Acaba de estrenarse en los cines la nueva versión de La Sirenita, producida otra vez por la factoría Disney, aunque ahora con la novedad de que Ariel, la protagonista, es negra. El estreno ha estado precedido de una fuerte y larga polémica originada por un sinfín de críticas ante el hecho de que el clásico cuento de Anderson sea protagonizado ahora por una actriz negra. ¡Una Sirenita negra, adónde vamos a parar! han exclamado muchos durante los casi dos años transcurridos desde que Disney hizo pública su decisión de que la actriz Halle Bailey encarnara a Ariel. En la anterior versión, de 1989 en dibujos animados, la protagonista era una muchacha blanca de abundante cabellera roja.
Dos años ha durado la polémica sobre el color de la nueva Sirenita. Que si Disney utiliza el color de la piel para generar polémica y con ella atraer al público, que si se ha pasado de rosca el "buenismo inclusivo", que si esta versión traiciona y desvirtúa al personaje, que si la izquierda se ha hecho con el control con los estudios cinematográfico. Las redes, cómo no, han echado humo durante los meses previos al estreno y algunos han adelantado que sus principios les impiden ver la nueva película.
Pues bien, llegado el momento de ver la nueva película, que contiene abundantes elementos creados por ordenador, lo más llamativo que resalta en la pantalla no es el color de la piel de Ariel-Halle Bailey, sino la capacidad de conmover que sigue teniendo este viejo cuento de hadas. De hecho, pasados los primeros instantes de la película, el espectador olvida por completo toda la polémica previa y deja de ser consciente del color de la protagonista. Como sucede siempre con las historias universales, la emoción del cuento, sus sentimientos, se imponen a cualquier otro elemento del andamiaje que le da forma. En esta Sirenita, como en la anterior, no hay más color que la imaginación del espectador y su capacidad de emocionarse. Adiós a toda la polémica.
No es extraño ese fenómeno porque en el cine ocurre lo mismo que en la vida real: los que estamos acostumbrados a tratar con personas de otras razas no vemos el color de su piel. Es algo que me hace pensar en alguna forma de daltonismo. Paso largas temporadas en el África negra y me cuesta trabajo distinguir los diferentes tonos de la piel de sus habitantes. Sé que allí hay diferentes tonos de piel negra, igual que aquí hay diferentes tonos de piel blanca. Unos son negros como el carbón y otros marrones, pero no sabría decir si mi amigo Egas es más o menos negro que mi amigo Cabá. Si mi amiga Astu es más o menos negra que mi amiga Fatumata. No soy daltónico, sino que cuando los miro veo a Egas, a Cabá, a Astu o a Fatumata. No veo su color, sino su persona.

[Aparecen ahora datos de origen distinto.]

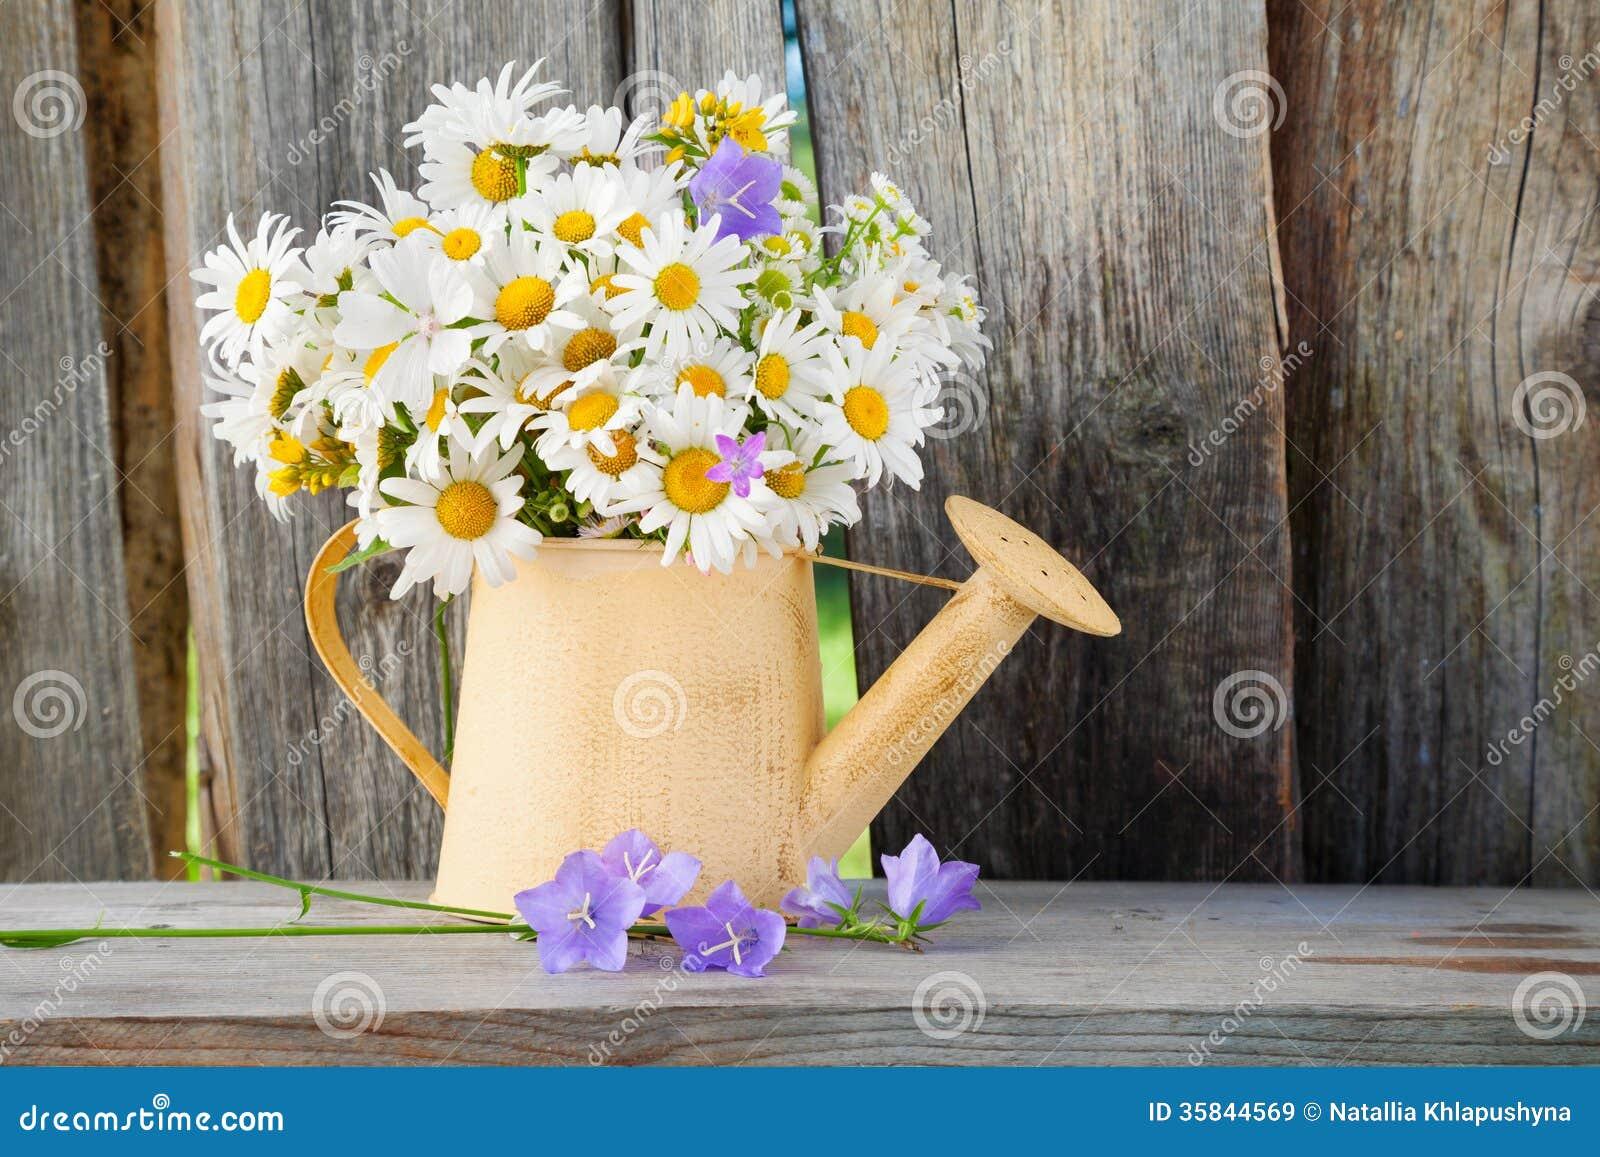 Gießkanne mit Sommergänseblümchen blüht auf hölzernem Hintergrund

Otros ven el color antes que a las personas y por eso rechazaban a La Sirenita negra desde mucho antes de que la película empezase a ser rodada. Les ocurre que tienen el color impreso en las retinas. El rechazo es anterior al hecho mismo. Quieren que Ariel, la Ariel de su infancia, siga siendo blanca, pelirroja y con los ojos azules. Les pasa que no aceptan que el mundo cambie, que ya no sea como era antes, todo de un único color. Su problema es que eso ya no es ni va a ser posible. El mundo cambia y el cine con él. Su tragedia es que tienen que no les queda más remedio que quitarse la venda oscura que les cubre los ojos.
En eso, como siempre, la principal esperanza son los niños y niñas. No hay más que ver cómo se relacionan con todos sin importarles el color o la nacionalidad de unos u otros. Les emociona La Sirenita por su fuerza y no ven en la pantalla otra cosa que unos personajes que les transmiten sentimientos y sueños. Cuando salen del cine no sabrán decir de qué color era la protagonista de la película que han visto. Pasan muchos días jugando en el recreo blancos con negros sin importarles lo más mínimo su piel. Les importa jugar. Esas cosas importan a los mayores. Especialmente a los mayores que llevan en las retinas impreso el color de sus preferencias.